Old boxes that offered a new perspective, companion paintings that presented an alternate version of freedom, glass beads that each seemed to encase their own miniature world, and a model of a home you could fit in the palm of your hand: all of this and more were available for viewing in the artists’ studios at Marlin Works on Willow Street this past weekend as they opened to the public once again as part of New Haven Open Studios.
Saturday found Linda Lindroth in her studio; on the door she had hung her statement from a recent show at the Flynn Gallery in Greenwich called “(DE)Construct” (see above). The statement fit in well with the other large archival pigment prints hung throughout the room made from found objects and boxes. New this year were potholders with the image of one of her most popular pieces, 2020’s Extra Loud Thinking. This image was recently purchased by the SCSU Business School for public display there.
Lindroth also had a new piece called White King made from a soap box from the 1930s that she bought on eBay.
“The diaspora for old boxes is vast,” she said.
Adding that she was “fascinated by the concept of white king,” especially with the “ramifications for all of the political stuff going on recently,” she altered the larger print for a postcard for the Open Studios event, adding a few words that were not on the larger one.
She said she anticipated as good a turnout at Marlin Works as they had last year, with typically more people coming on Sunday than Saturday. She also praised artist and organizer Martha Willette Lewis for “providing the space” at the Institute Library for “Glorious Index” (read an article about that), where Lindroth showed a piece of her work as did many others involved in the various Open Studios events this year.
“That show was lovely, it looked great, and we really appreciate all the work she’s done,” she added.
She praised all the volunteers for New Haven Open Studios who have made the events grow and thrive over the past two years.
“There’s a need for artists to feel like we’re in a community,” she said. “Covid decimated us, and things are slowly getting much, much better. There’s enthusiasm, and everybody’s grateful for the contributions and opportunities.”
Across the hall Nancy Karpel displayed her jewelry, paintings, and photographs, this year offering new pieces made with lamp-worked glass beads. She explained that these type of glass beads are not blown, but made by melting glass rods over a rotating mandril with a torch.
“I’m enjoying it, and I’m hoping to get better,” she said with a laugh. Some of the necklaces found her alternating the glass beads with silver beads, adding yet another layer to her already detailed work.
At the end of the hallway Jo Kremer, who was new to her studio last year at this time, had added more completed works to her space, including some paintings made by her brother back in the 1980s as a homage to him and his recent passing. Below them sat a mosaic work created in a class Kremer had taken at Creative Arts Workshop last winter. The mosaic was made with smalti, a type of glass made in Italy and Mexico. It’s made in large pieces and then chopped into smaller pieces. Kremer explained that she had to chop it into even smaller pieces and weld it to the board, thus creating a far more tactile artistic experience for her.

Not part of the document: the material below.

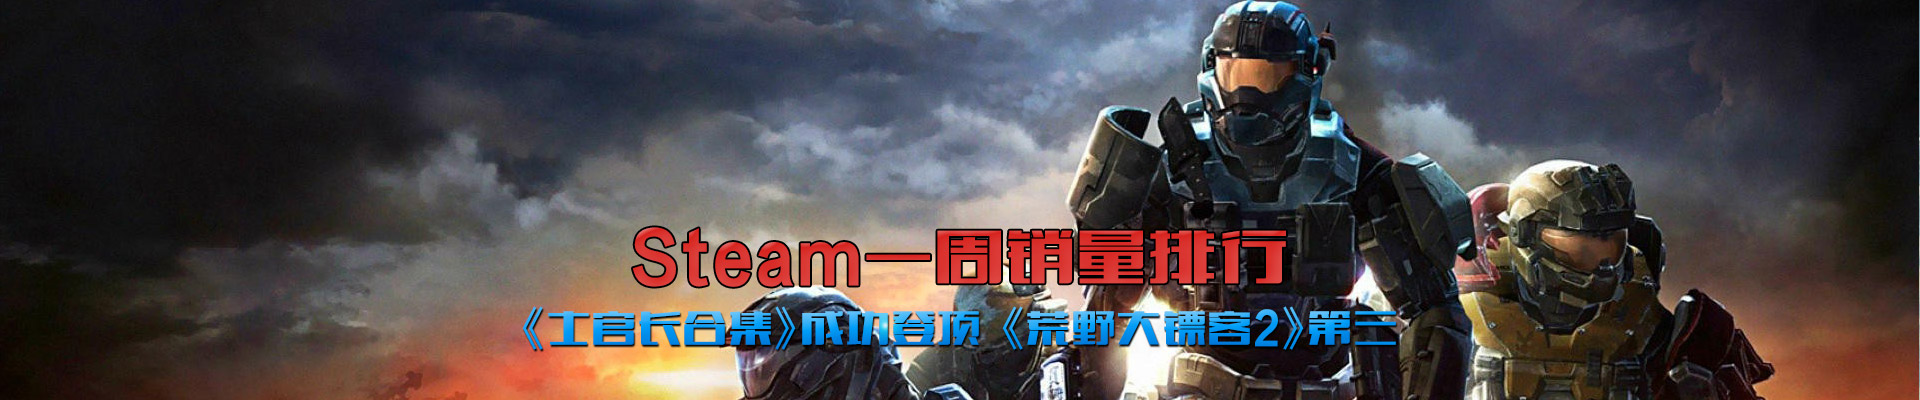 Steam周销量排行榜:《士官长合集》成功登顶 《荒野大镖客2》第三

On the other side of the studio, she displayed a painting titled “Trinity” and its companion piece, created around 20 years ago but recently shown in an exhibition at mActivity. Modeled after the “little shrines” she saw hanging overhead in the streets while in Italy, Kremer called the paintings “symbolic,” noting that she always felt the objects in the box represented a “familial combination.” In the companion piece where the box was on the ground, the objects now “had a way out.”
“It’s a new perspective,” she added.
Across the hall architect Craig Newick, owner of Newick Architects, showed me a model of a house he is working on in Branford. The model may have fit in the palm of his hand, but the actual house, explained Newick, is quite expansive, with seven corridors to the Sound as well as a roof deck 25 feet above the other homes where you can see the water “like you’re in your own world.”
While Newick has worked on a variety of public buildings in Connecticut and beyond — many of which appeared in photos and models in his studio — he is forever interested in new projects and new people to create them with.
“We’re always looking for people who want to do great things,” he said. “You don’t have to do the ordinary. You can do the extraordinary. I want to have these conversations.”